*GOAL OF THE EXERCISE:*
Copy the data below exactly, but not the pictures it contains.

*AVAILABLE DATA:*
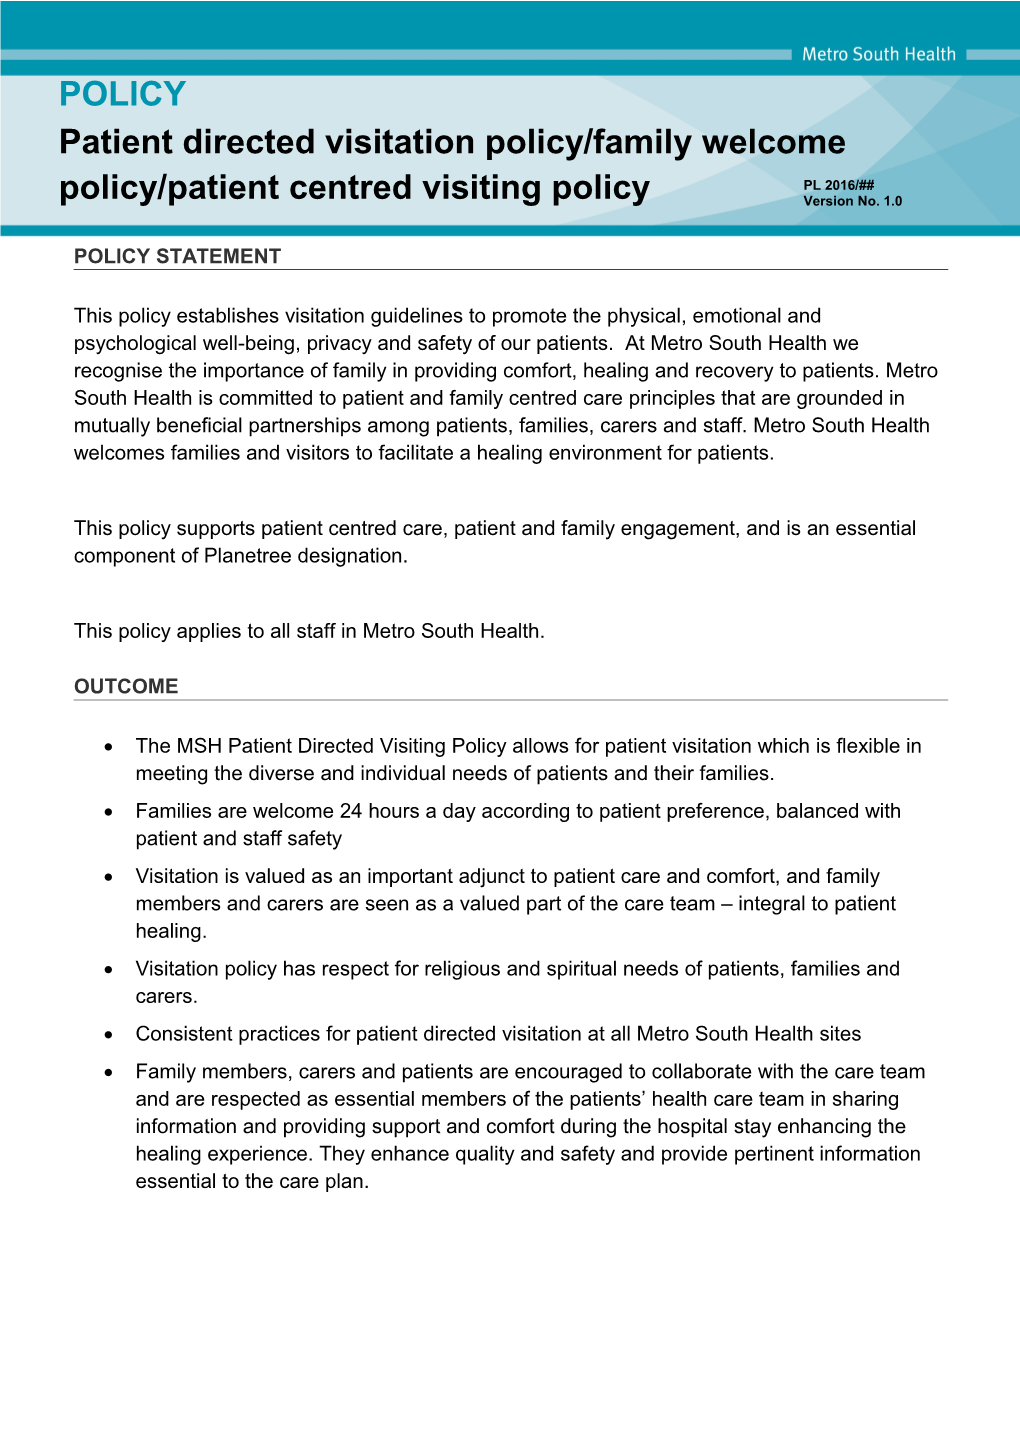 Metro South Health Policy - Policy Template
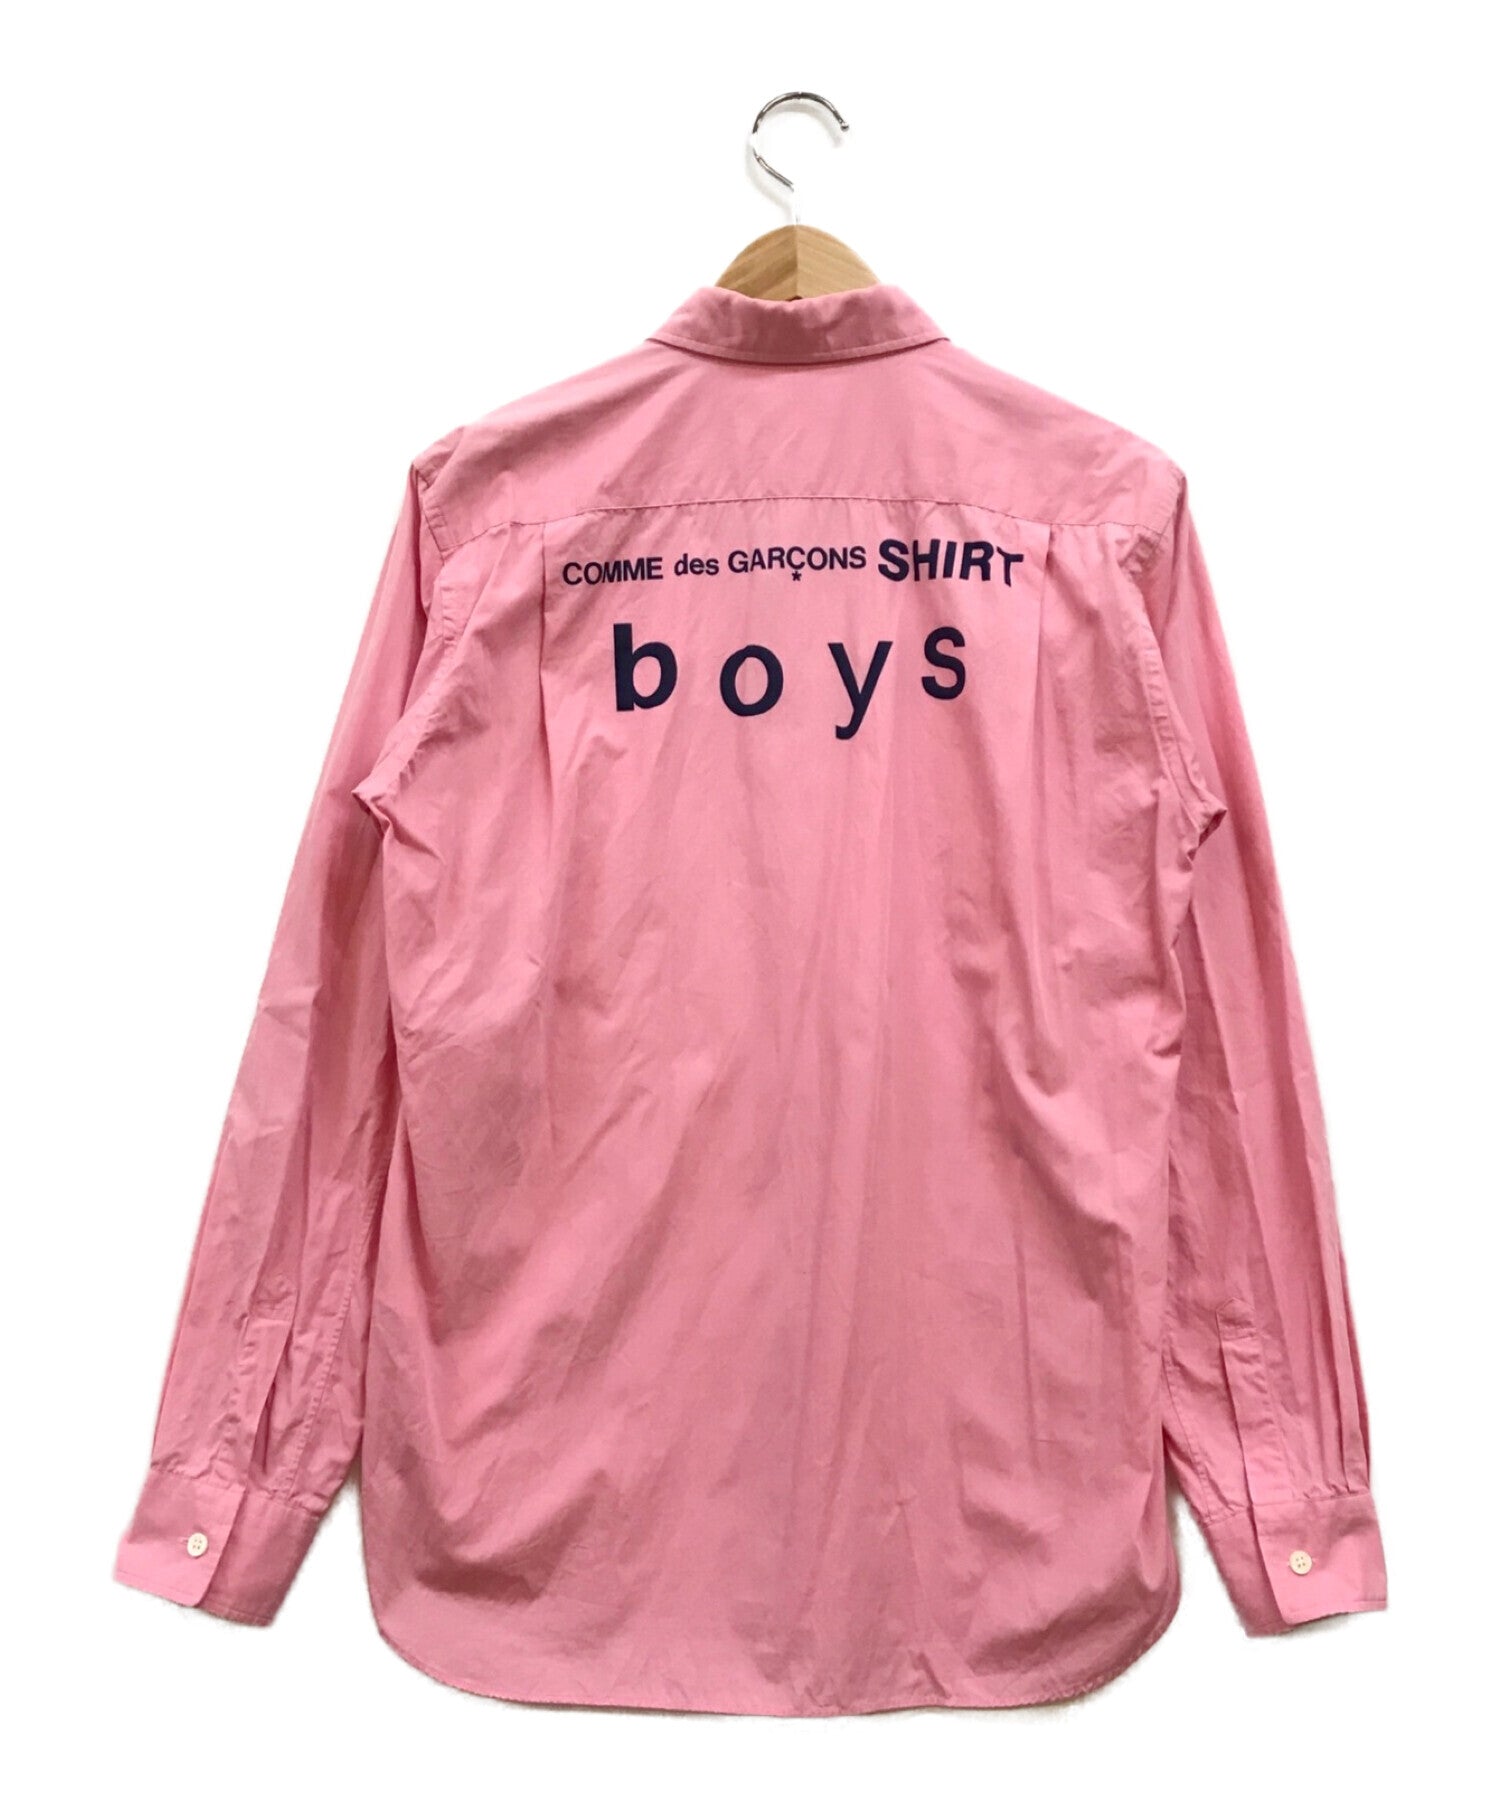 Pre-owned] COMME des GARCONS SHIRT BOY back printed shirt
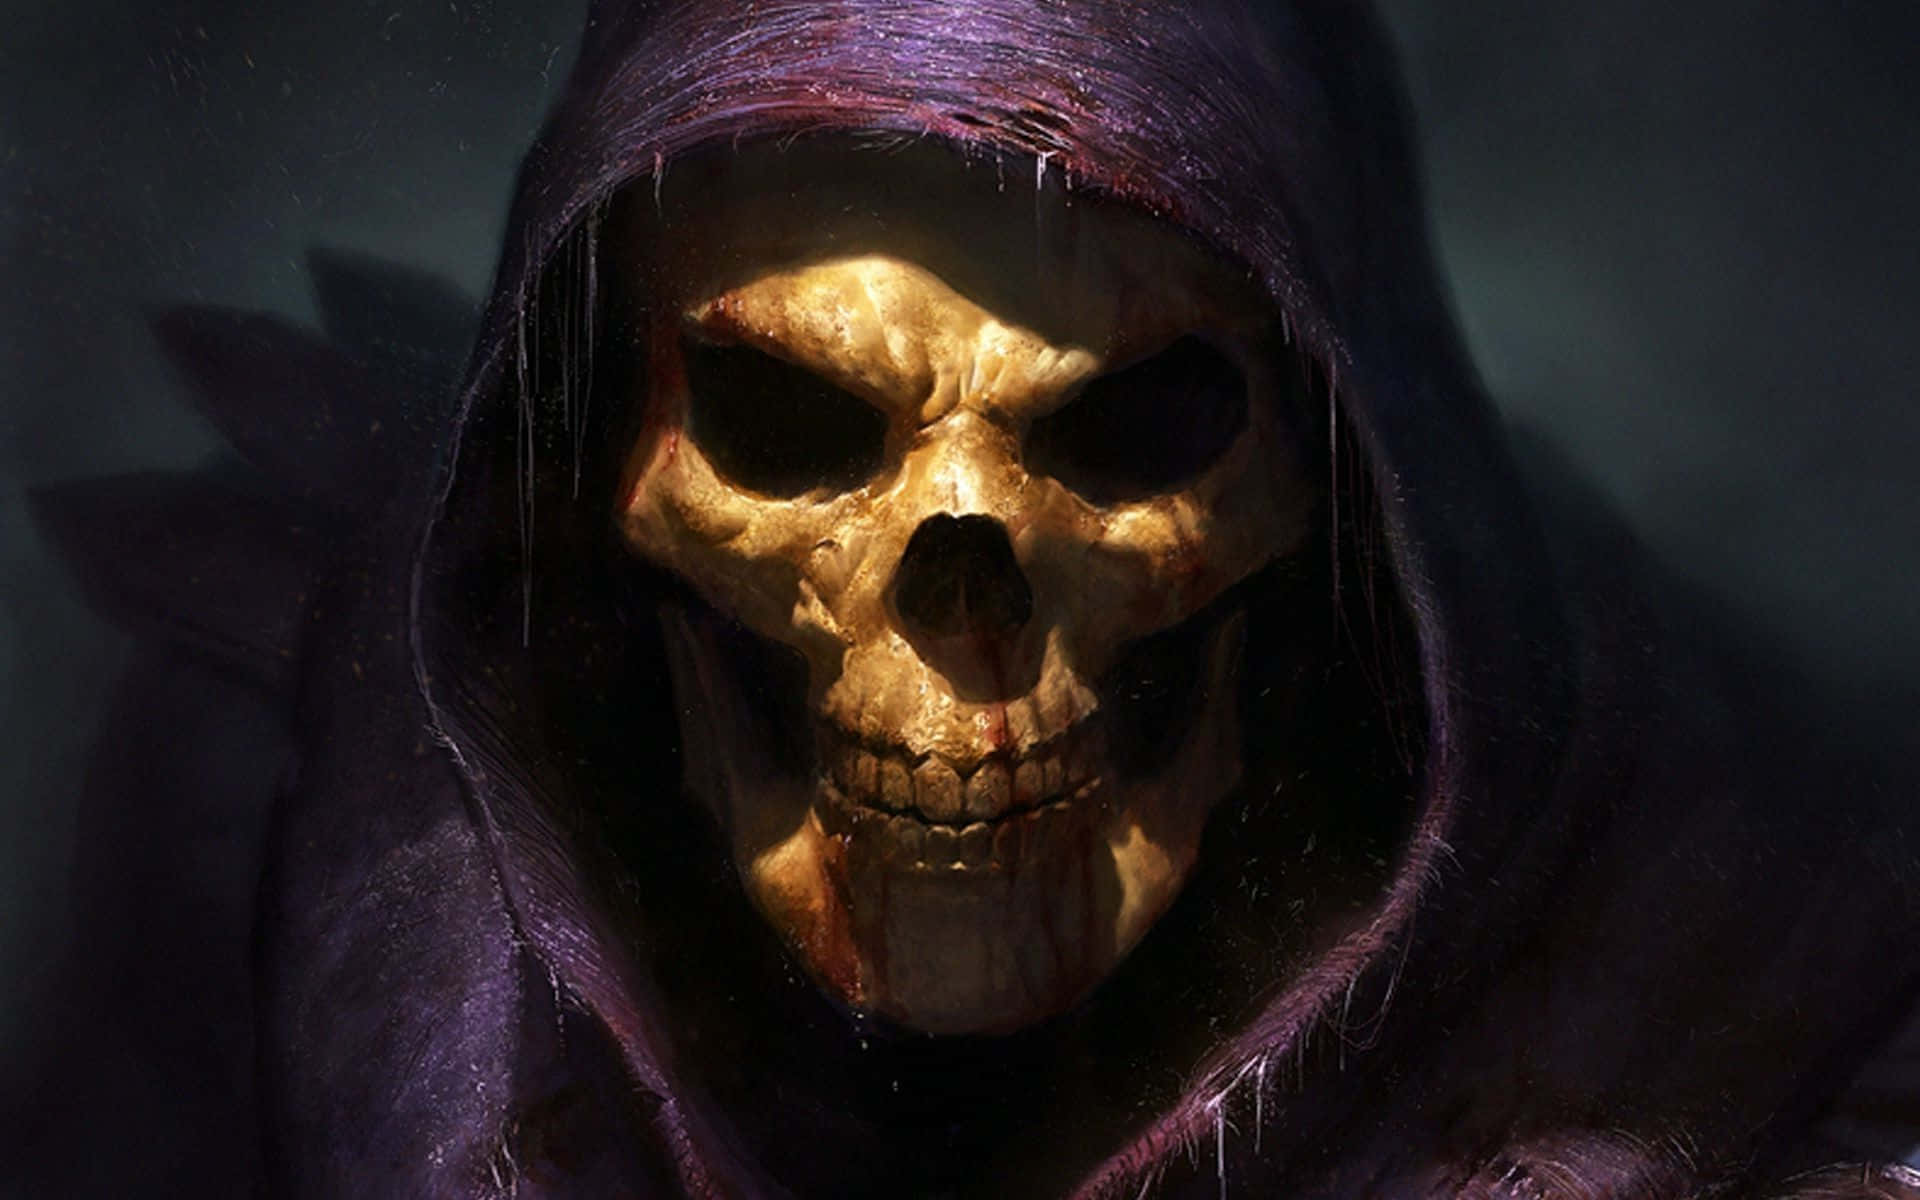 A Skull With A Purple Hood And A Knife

*THE COMPLETED TASK:*
 Metro South Health Policy - Policy Template
 Pre-owned] COMME des GARCONS SHIRT BOY back printed shirt
 A Skull With A Purple Hood And A Knife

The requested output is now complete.